The flows in Einstein’s equation are the diagonal components of a 4 \times 4 matrix T called the ‘stress-energy tensor’. The components T_{\alpha \beta} of this matrix say how much momentum in the \alpha direction is flowing in the \beta direction through a given point of spacetime. Here \alpha and \beta range from 0 to 3, corresponding to the t,x,y and z coordinates.

For example, T_{00} is the flow of t-momentum in the t-direction. This is just the energy density, usually denoted \rho. The flow of x-momentum in the x-direction is the pressure in the x direction, denoted P_x, and similarly for y and z. You may be more familiar with direction-independent pressures, but it is easy to manufacture a situation where the pressure depends on the direction: just squeeze a book between your hands!

Thus, Einstein’s equation says

\displaystyle{ {\ddot V\over V} \Bigr|_{t = 0} = -{1\over 2} (\rho + P_x + P_y + P_z) }

It follows that positive energy density and positive pressure both curve spacetime in a way that makes a freely falling ball of point particles tend to shrink. Since E = mc^2 and we are working in units where c = 1, ordinary mass density counts as a form of energy density. Thus a massive object will make a swarm of freely falling particles at rest around it start to shrink. In short, gravity attracts.

Already from this, gravity seems dangerously inclined to create singularities. Suppose that instead of test particles we start with a stationary cloud of ‘dust’: a fluid of particles having nonzero energy density but no pressure, moving under the influence of gravity alone. The dust particles will still follow geodesics, but they will affect the geometry of spacetime. Their energy density will make the ball start to shrink. As it does, the energy density \rho will increase, so the ball will tend to shrink ever faster, approaching infinite density in a finite amount of time. This in turn makes the curvature of spacetime become infinite in a finite amount of time. The result is a ‘singularity’.

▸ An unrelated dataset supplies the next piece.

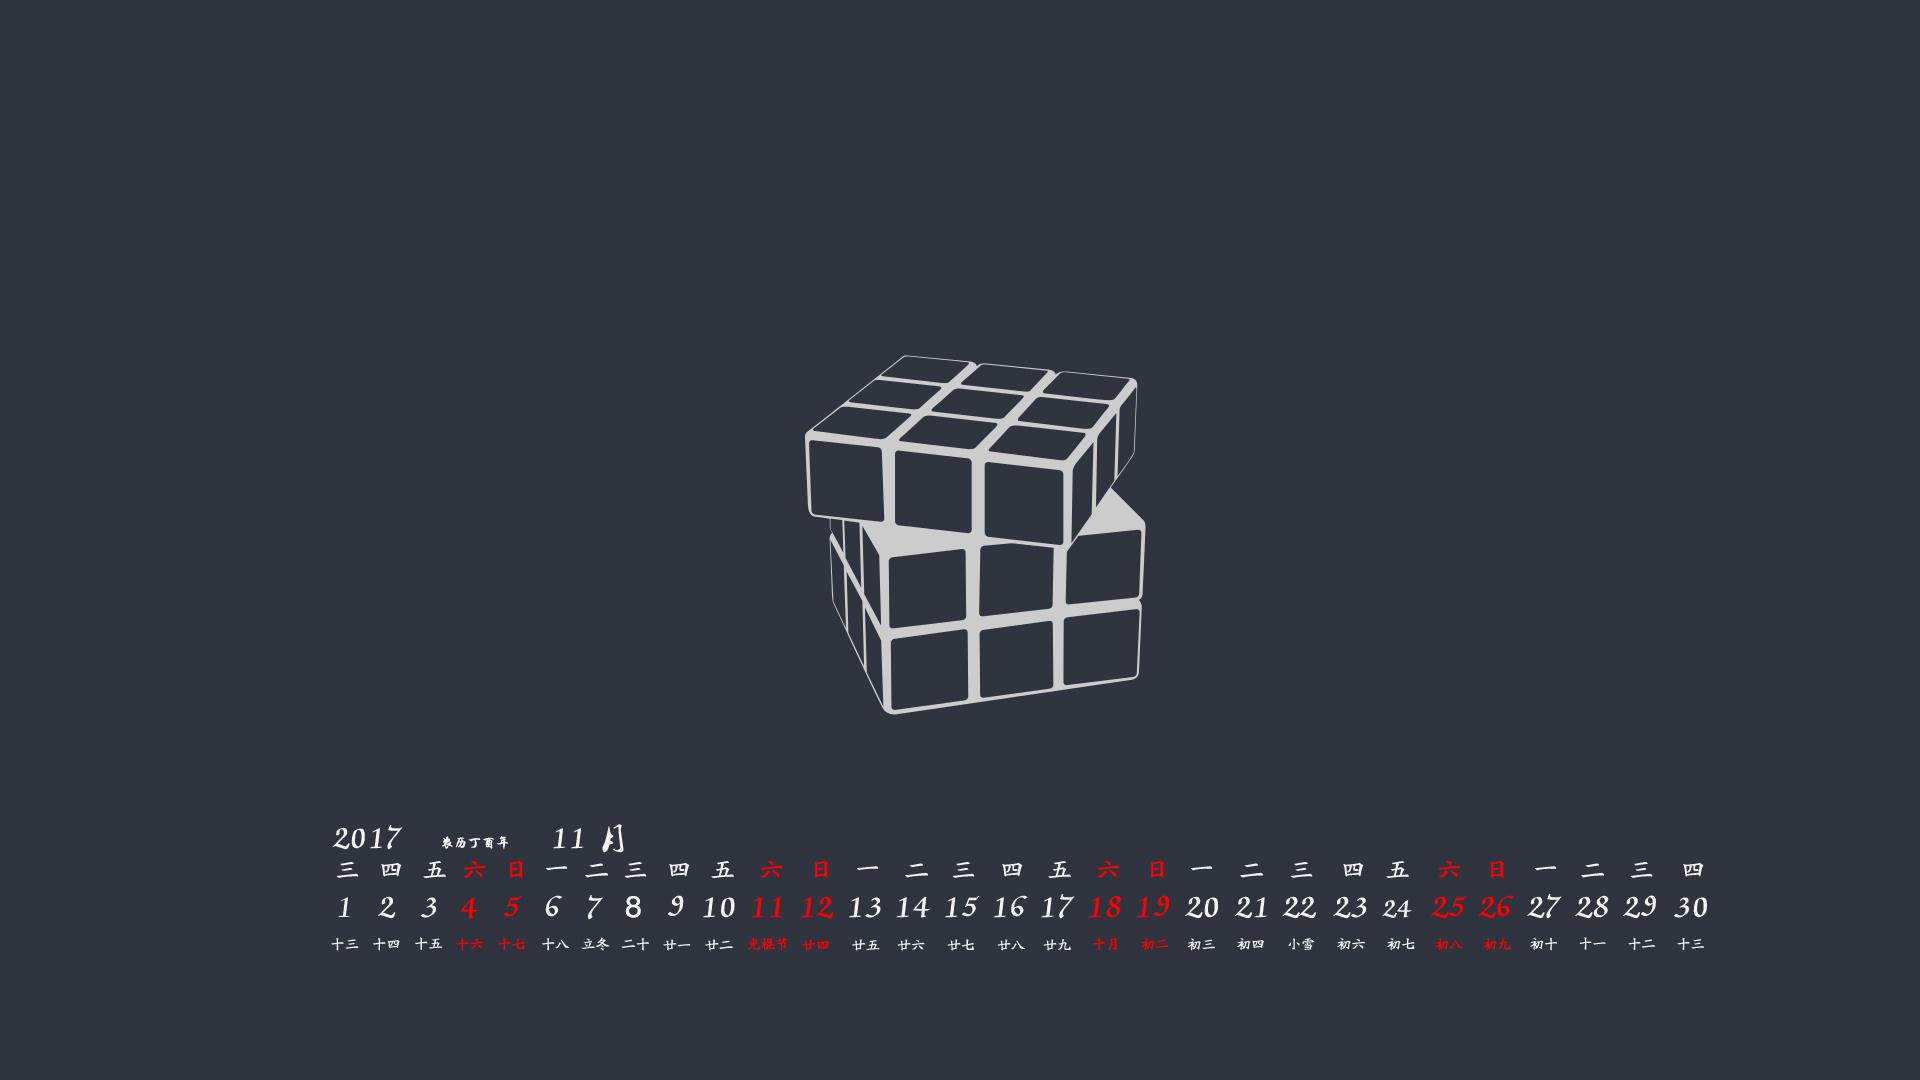 电脑创意桌面_2017年11月创意个性电脑桌面日历壁纸_桌面壁纸_mm4000图片大全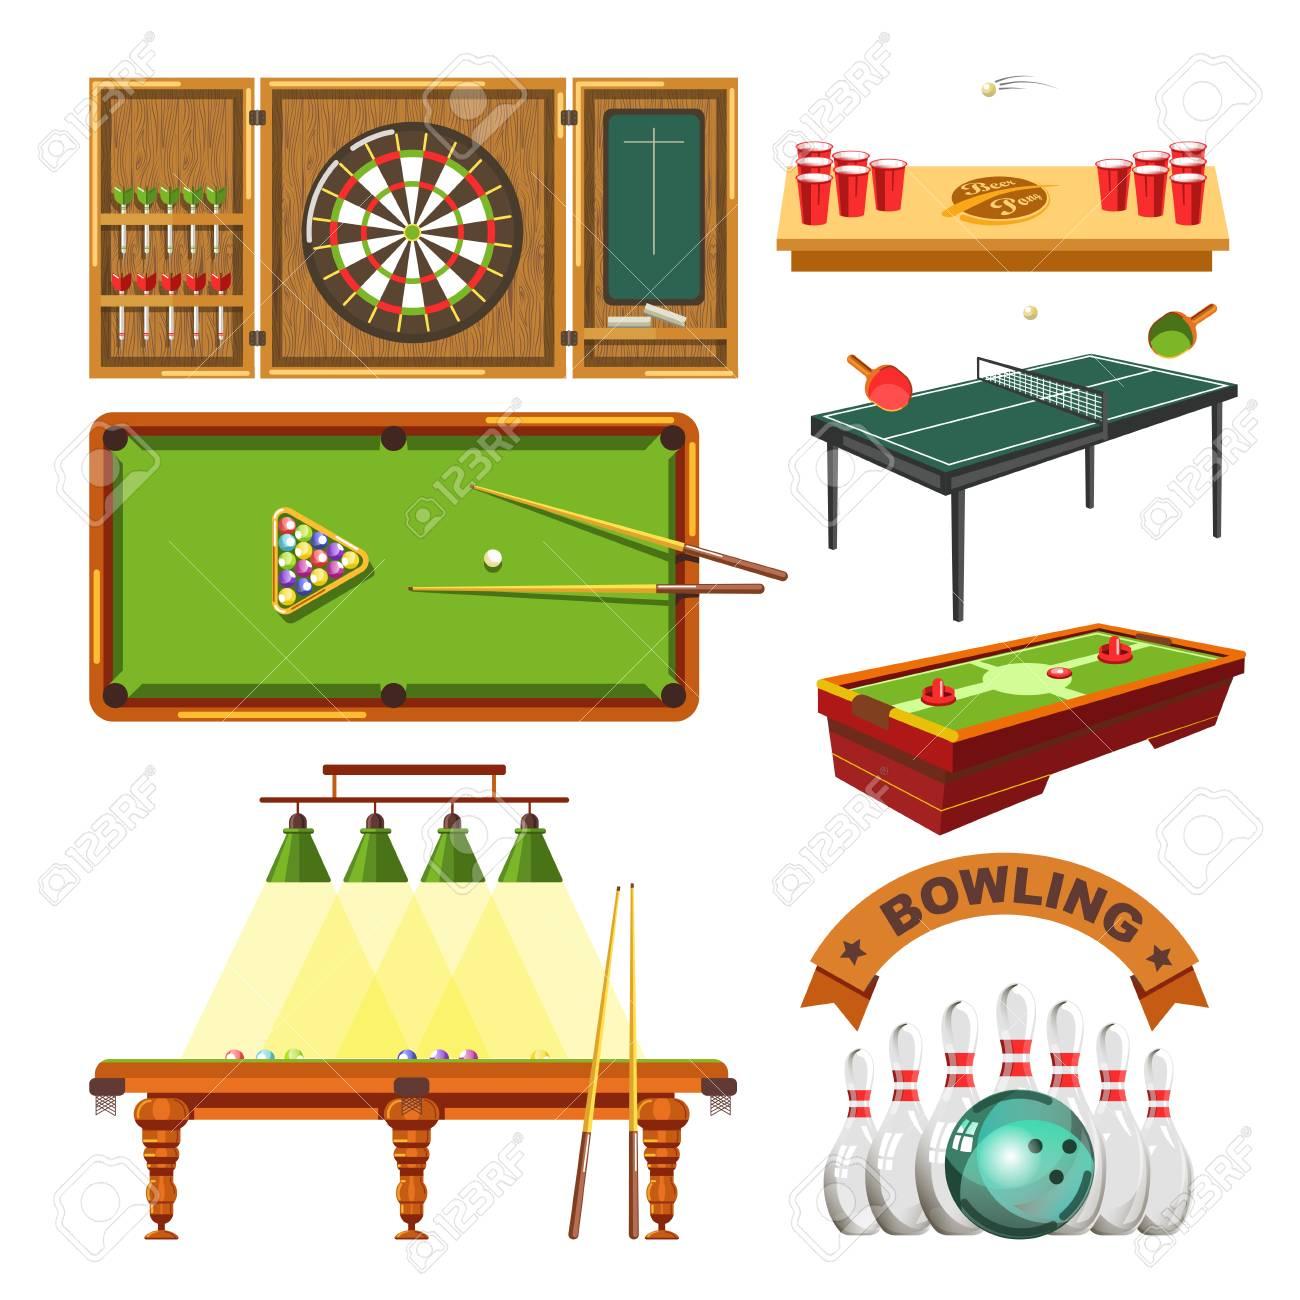 Deportes Juegos Tipos De Dardos Billar Pool O Cerveza Ping Pong

In reality, matter is affected by forces other than gravity. Repulsive forces may prevent gravitational collapse. However, this repulsion creates pressure, and Einstein’s equation says that pressure also creates gravitational attraction! In some circumstances this can overwhelm whatever repulsive forces are present. Then the matter collapses, leading to a singularity—at least according to general relativity.

When a star more than 8 times the mass of our Sun runs out of fuel, its core suddenly collapses. The surface is thrown off explosively in an event called a supernova. Most of the energy—the equivalent of thousands of Earth masses—is released in a ten-second burst of neutrinos, formed as a byproduct when protons and electrons combine to form neutrons. If the star’s mass is below 20 times that of our the Sun, its core crushes down to a large ball of neutrons with a crust of iron and other elements: a neutron star.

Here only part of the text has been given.